Из этих элементов составляется вся немецкая женщина, из женщин – толпа на главных улицах, толпа дает физиономию всему Берлину, а Берлин – Германии.

Немецкий мужчина – это вторая сторона вышеописанной физиономии. Средний немецкий мужчина не имеет ни страданий, ни сомнений, ни очень возвышенных, ни очень низменных чувств.

Он любит прежде всего себя, за то, что никогда не доставлял сам себе ненужных страданий; потом семью, потому что дети не огорчают его, а жена не изменяет, по недостатку темперамента или поклонников; наконец, любит родину, потому что она заботится о нем, пишет на каждых дверях «выход» и устраивает удобные перенумерованные желобки для сигар у телеграфных окошечек.

Он спокоен за себя, за семью и за родину.

Спокойствие дает ему возможность веселиться, и он действительно каждый день веселится, но не утром или днем – когда нужно устраивать свое благосостояние, – а вечером.

Как он веселится?

За столом в любимой пивной собирается каждый день одна и та же компания: Фриц Штумпе, Яков Миллер, Иоганн Миткраут и Адольф Гроссшток.

Целый вечер взрывы хохота несутся со стороны стола, занятого веселыми собутыльниками.

– Эге, – думает зритель в отдалении, – наверное, что-нибудь забавное рассказывают.

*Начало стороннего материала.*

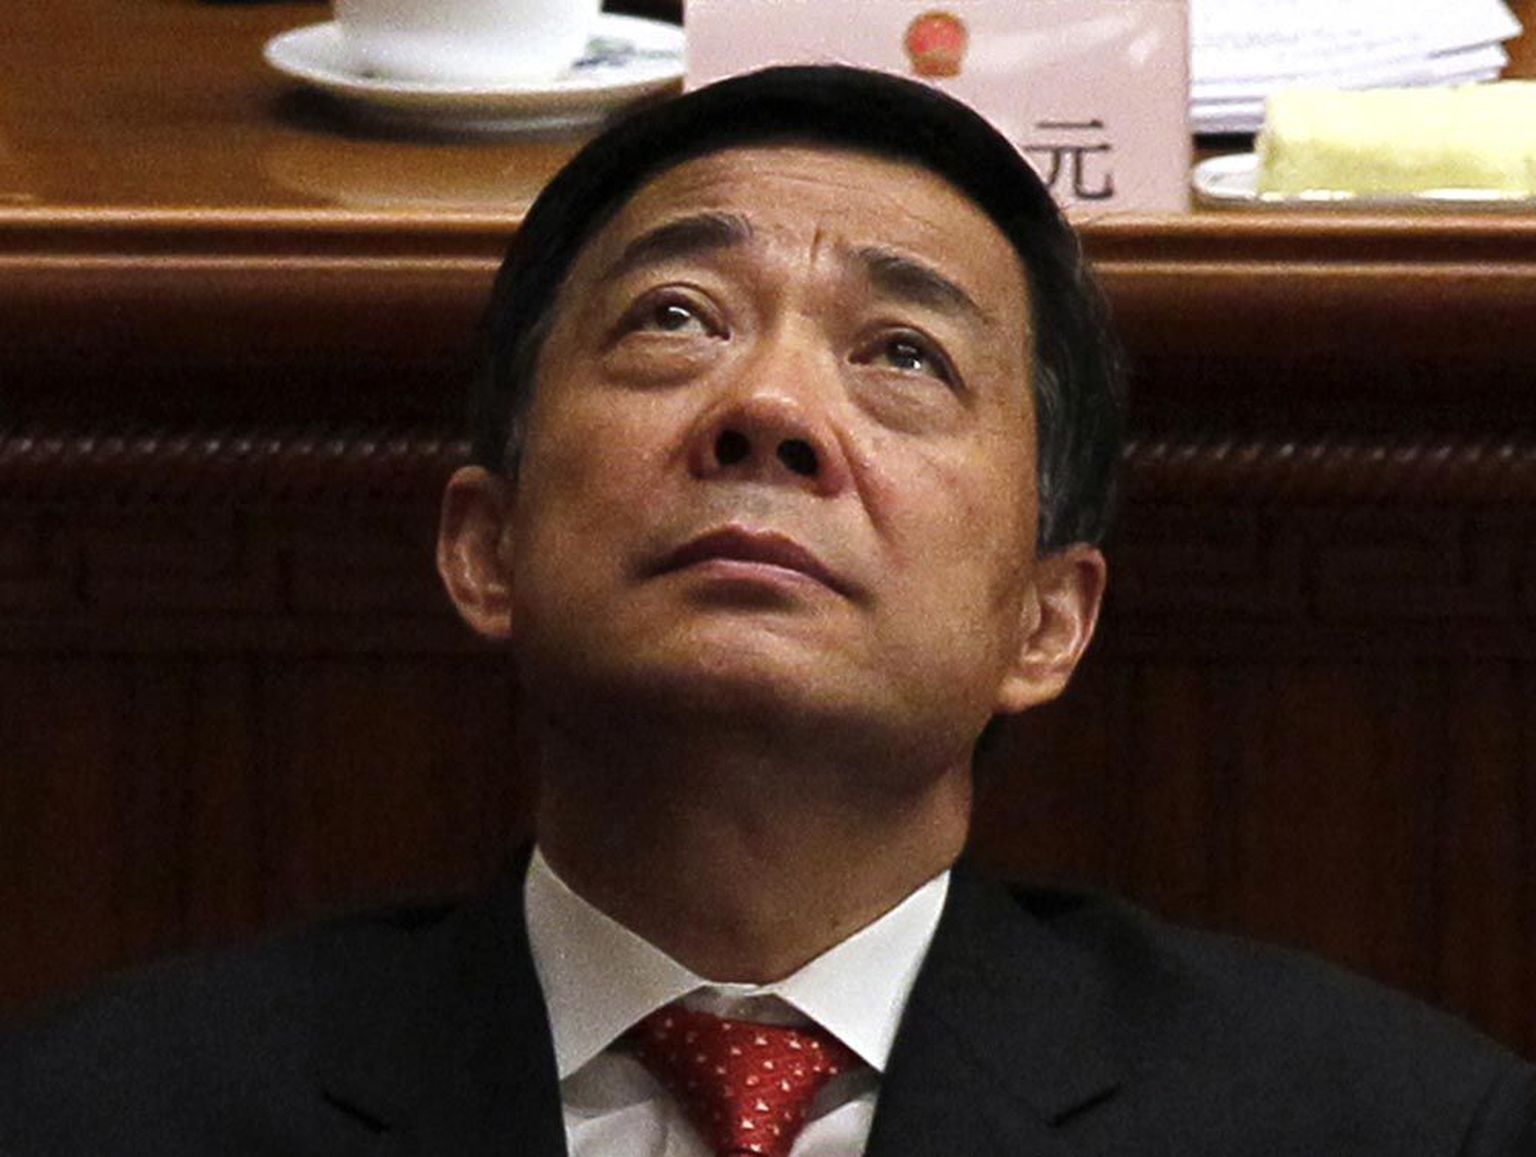 «Hiina Chicagoks» kutsutud Chongqingi linnas korra majja löönud parteisekretär Bo Xilai oli populist, kes vaeste inimeste vajadusi rahuldades endale toetust kogus, kuid selle varjus oma politseiriiki üles ehitas. Keskvalitsuse jaoks oli säärane isetegevus lubamatu.

Прислушаюсь-ка…

Прислушивается…

– Герр Штумпе! Отчего вы сегодня молчите? Не бьет ли вас ваша жена?

Взрыв гомерического хохота следует за этими словами.

– Ох, – говорит Иоганн Миткраут, задыхаясь от смеха. – Вечно этот Миллер придумает какую-нибудь штуку. А? «Не бьет ли», говорит, «вас ваша жена?» Ха-ха-ха!

– Хо-хо-хо!

Всеобщий восторг пьянит толстую голову Миллера; надо сказать что-нибудь еще, чтобы закрепить за собой славу присяжного весельчака и юмориста.

– Герр Штумпе! Говорят, что вы уже целый год не носите ваших сбережений в ваш банк?

– Почему? – недоумевает простоватый Штумпе.

– Потому что весь ваш бюджет уходит на покупку ваших зонтиков, которые ломает о вашу спину ваша жена.

Будто скала обрушилась – такой хохот потрясает стены пивной.

– Хо-хо-хо! – стонет басом изнемогающий Гроссшток.

– Хи-хи-хи, – октавой выше заливается, нагнув к столу голову, совершенно измученный Миткраут.

– Хе-хе-хе!

– Хо-хо-хо!!

– Э, – думает Штумпе, – дай-ка и я что-нибудь отмочу. Тоже когда-то острили не хуже.

– Вы, герр Миллер, кажется, купили вашего нового мопса? – спрашивает Штумпе, обводя компанию взглядом, который ясно говорит: «слушайте, слушайте! Сейчас я выкину штуку еще позабористее».

– Да, герр Штумпе. Не хотите ли вы на нем покататься верхом? – подмигивает неистощимый Миллер, вызывая долгий хохот.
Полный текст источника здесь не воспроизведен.